The White House did not immediately respond to a request for comment.
Corker, who has announced he is not going to seek re-election after 2018, and Trump have publicly quarreled recently on social media.
“The Failing @nytimes set Liddle’ Bob Corker up by recording his conversation,” Trump tweeted on Tuesday. “Was made to sound a fool, and that’s what I am dealing with!”
A transcript of the conversation, however, shows that the newspaper did not set Corker up and that the senator was well aware that he was on the record.
But the latest comments from the Tennessee Republican to the Post come as tensions between the United States and North Korea continue to rise over Pyongyang’s nuclear program, and on the same day the President announced he would potentially remove the United States from the Iran nuclear deal if Congress and US allies don’t attempt to strengthen areas of the deal he sees as weak.

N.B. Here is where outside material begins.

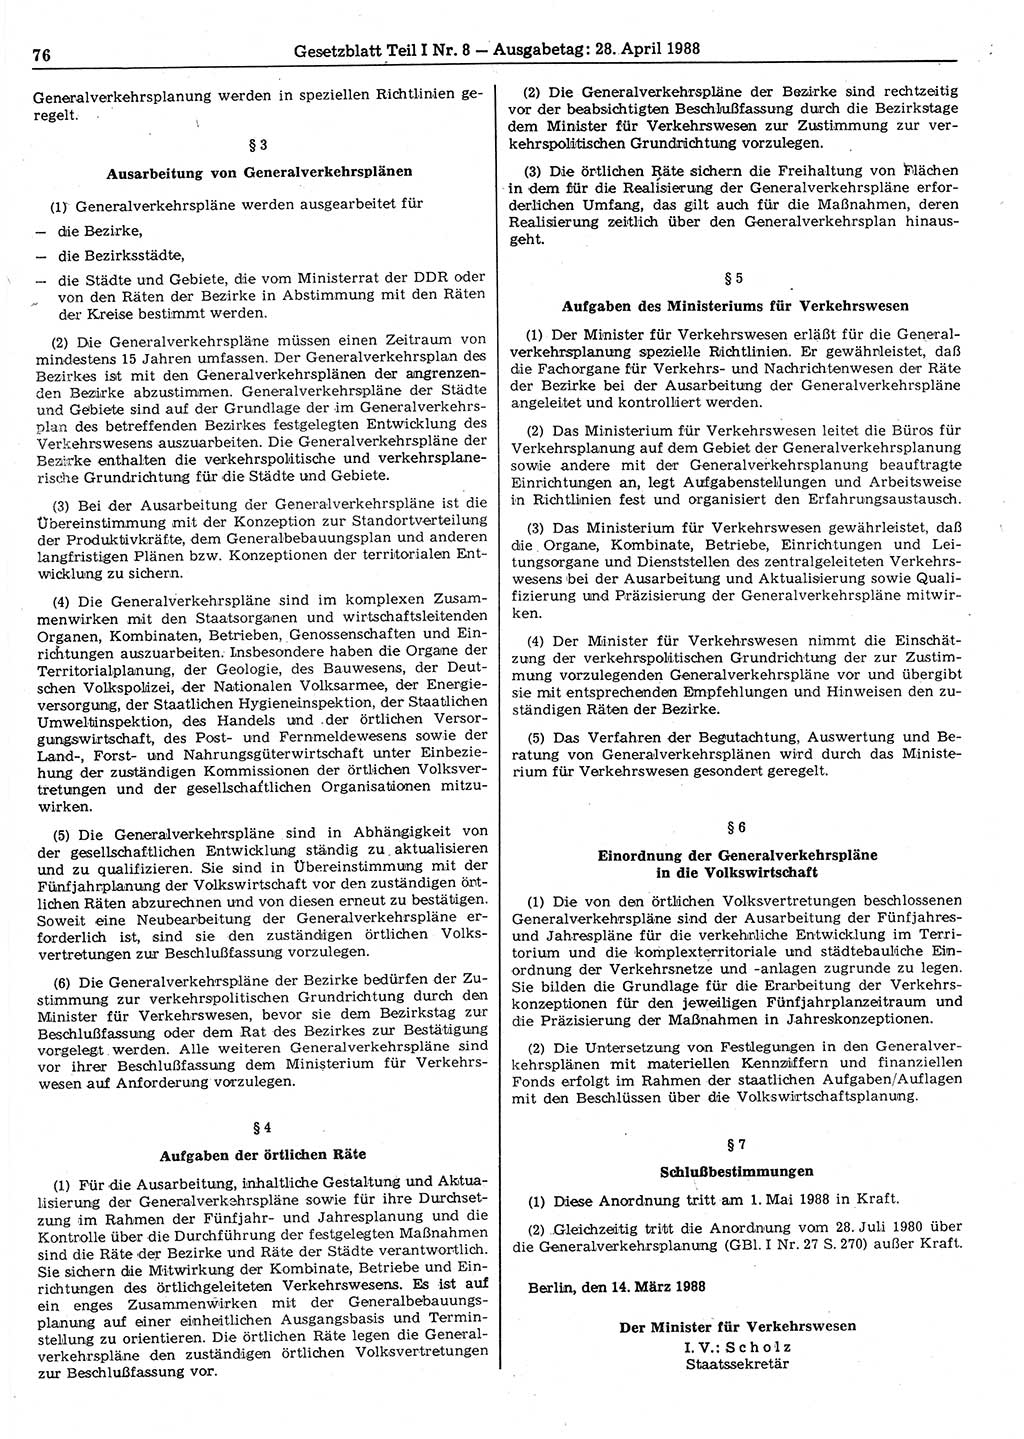 Gesetzblatt (GBl.) der Deutschen Demokratischen Republik (DDR) Teil Ⅰ 1988, Seite 76 (GBl. DDR Ⅰ 1988, S. 76)

He has also previously defended Tillerson and cited the top US diplomat as one of the people who “help separate our country from chaos.”
“I think Secretary Tillerson, Secretary (James) Mattis, and Chief of Staff (John) Kelly are those people that help separate our country from chaos, and I support them very much,” the Republican chairman of the Senate foreign relations committee told reporters last week.